=== Begin Enclosure ===
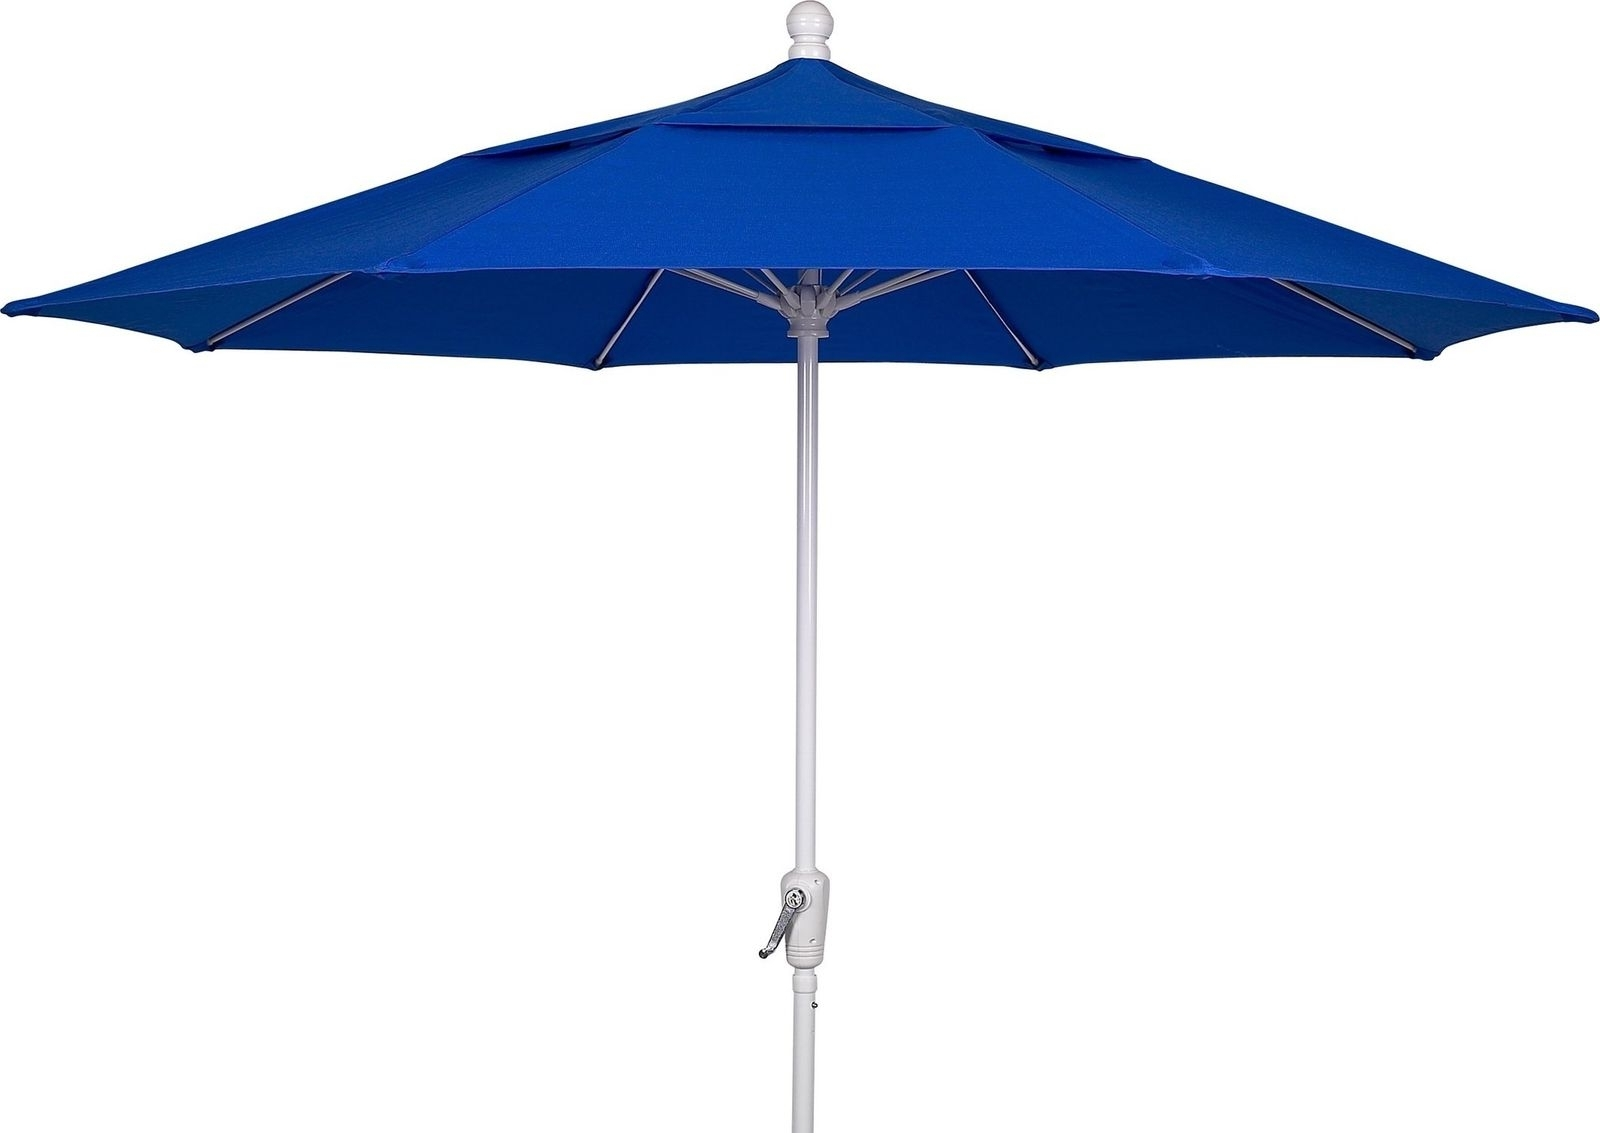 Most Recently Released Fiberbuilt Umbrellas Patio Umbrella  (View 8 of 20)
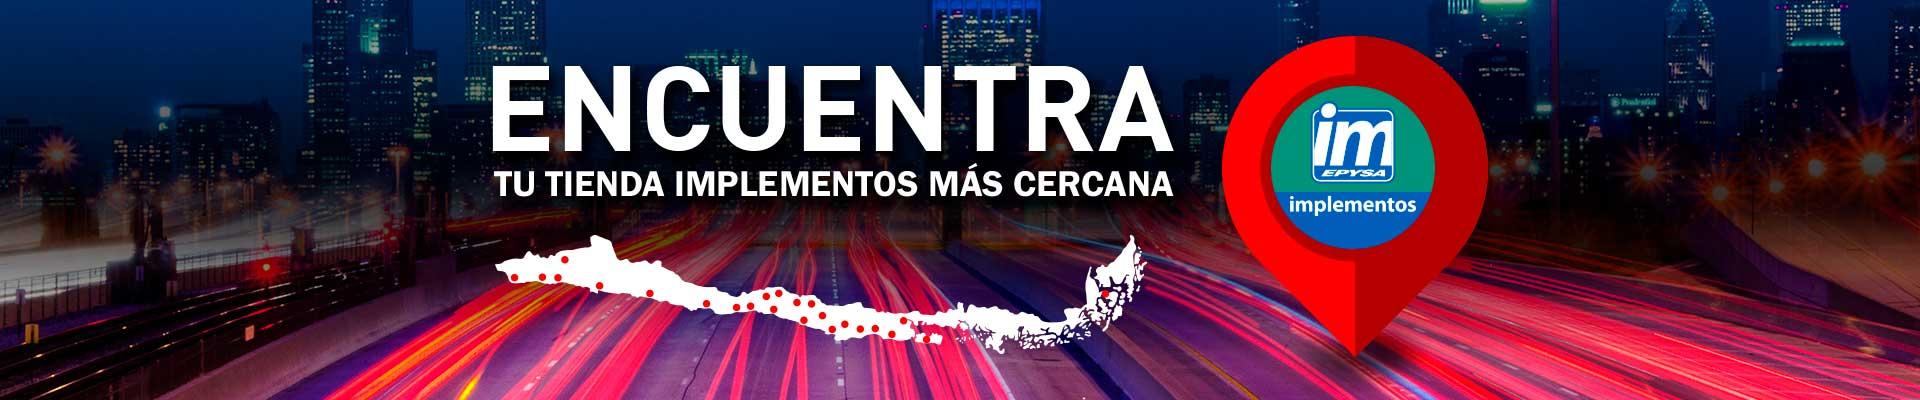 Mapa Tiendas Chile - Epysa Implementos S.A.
=== End Enclosure ===
=== Begin Enclosure ===
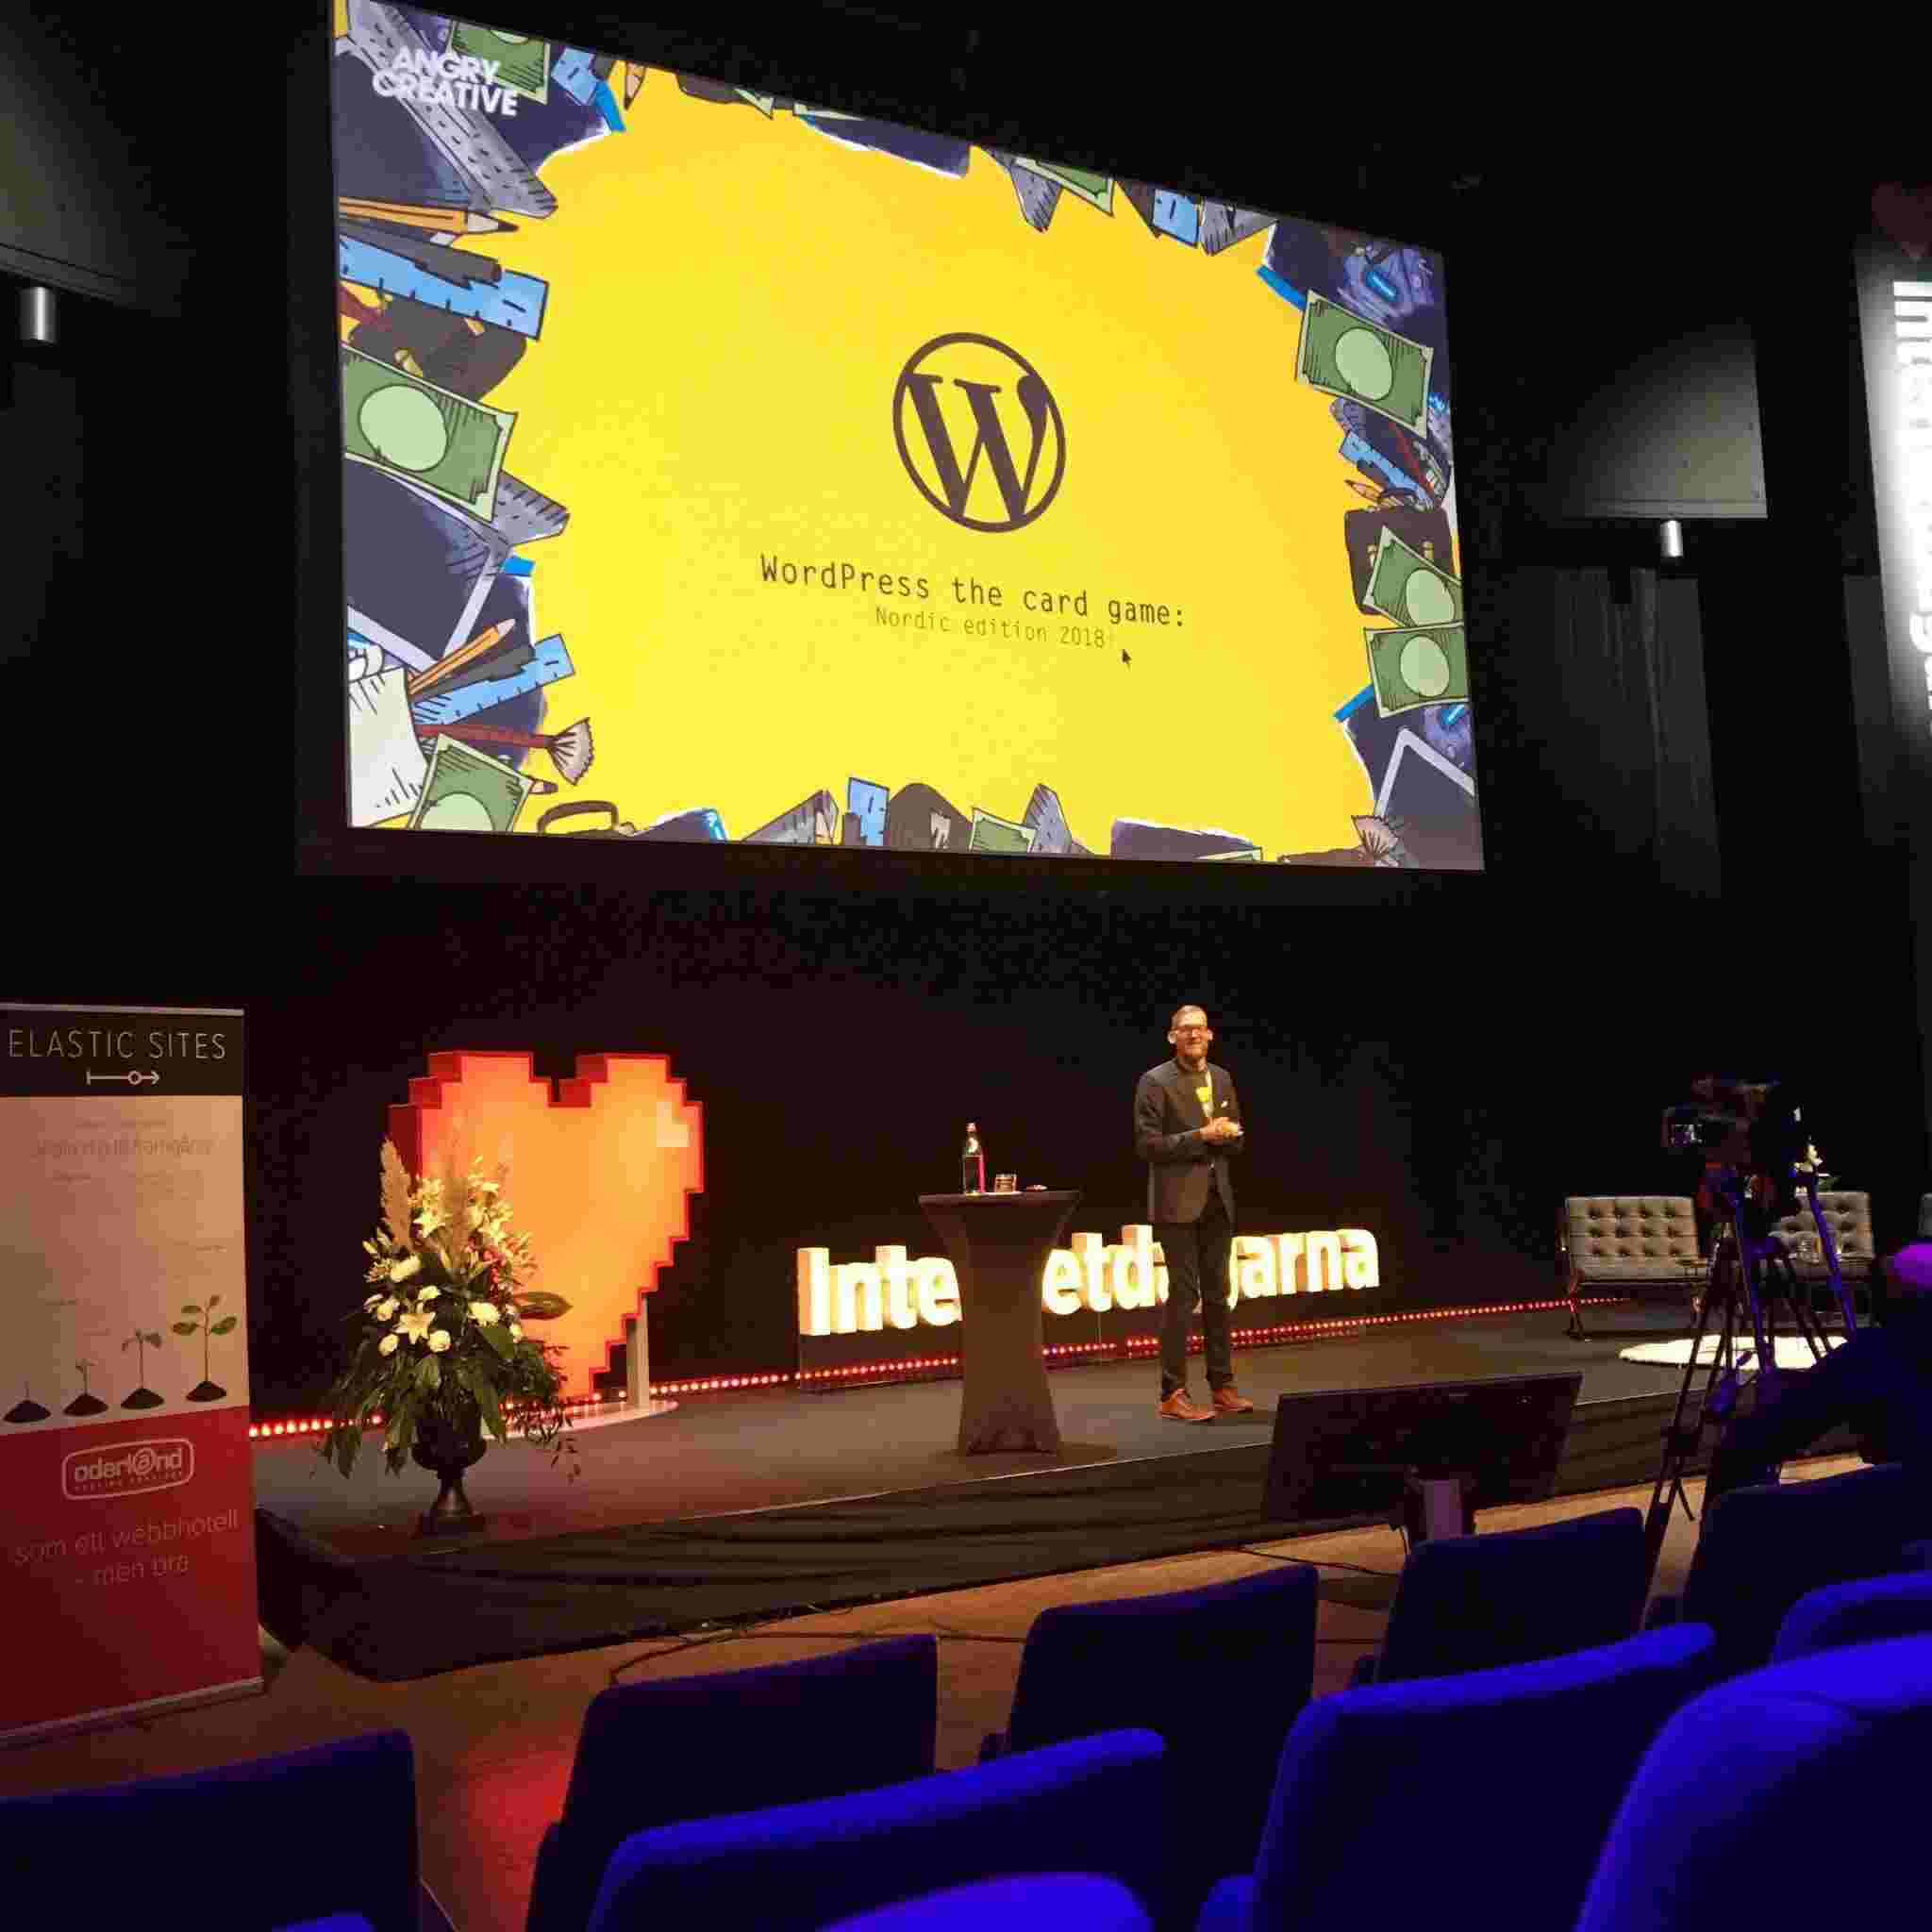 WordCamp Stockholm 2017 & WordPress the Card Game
=== End Enclosure ===
=== Begin Enclosure ===
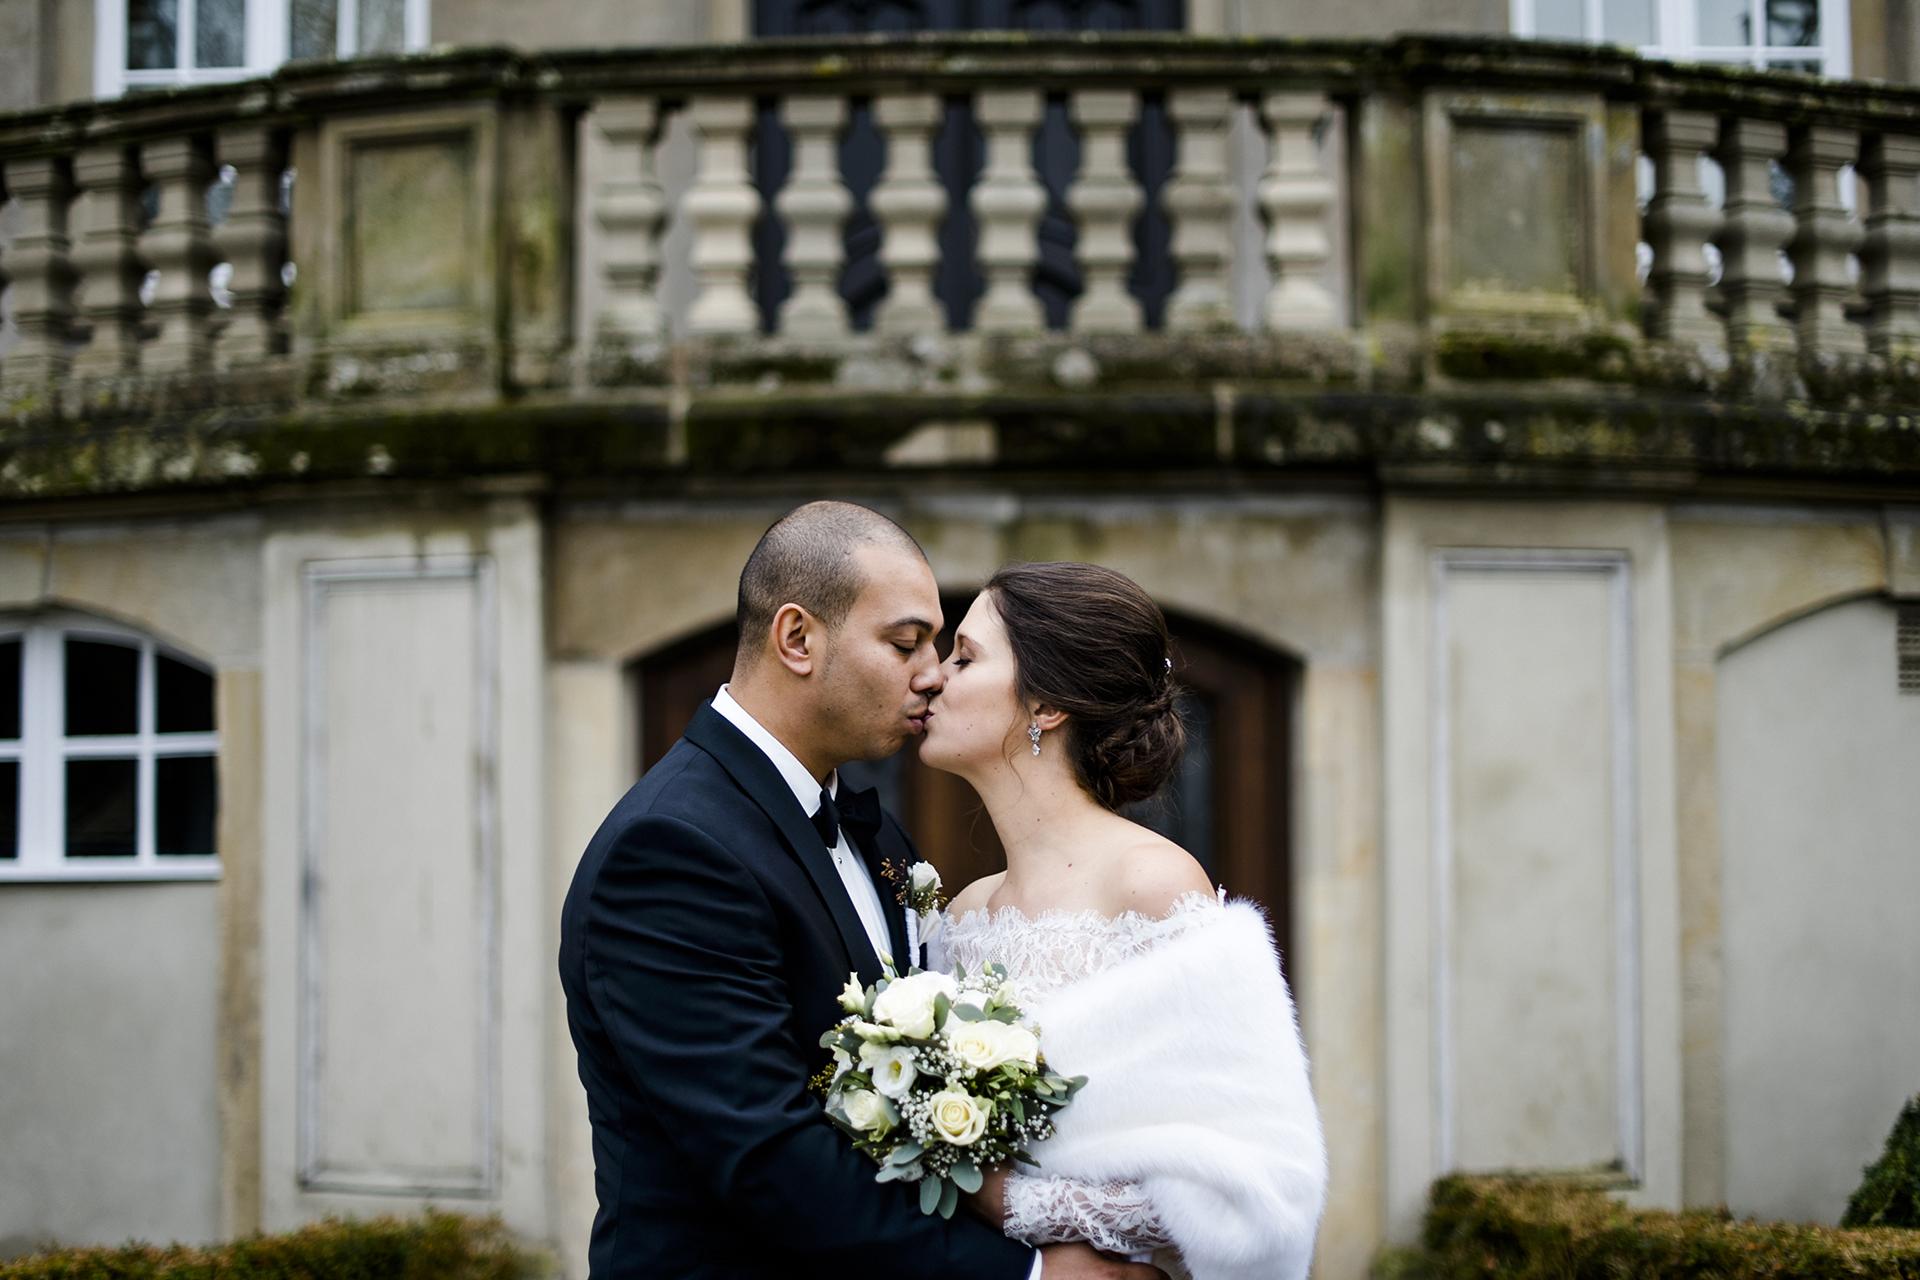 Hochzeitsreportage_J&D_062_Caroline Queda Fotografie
=== End Enclosure ===
Above are records with pictures. Reproduce exactly only the lines from the line with "Most Recently Released" through the line with "Mapa Tiendas Chile - Epysa Implementos S.A.", both ends included, and leave the pictures out.

 Most Recently Released Fiberbuilt Umbrellas Patio Umbrella  (View 8 of 20)
 Mapa Tiendas Chile - Epysa Implementos S.A.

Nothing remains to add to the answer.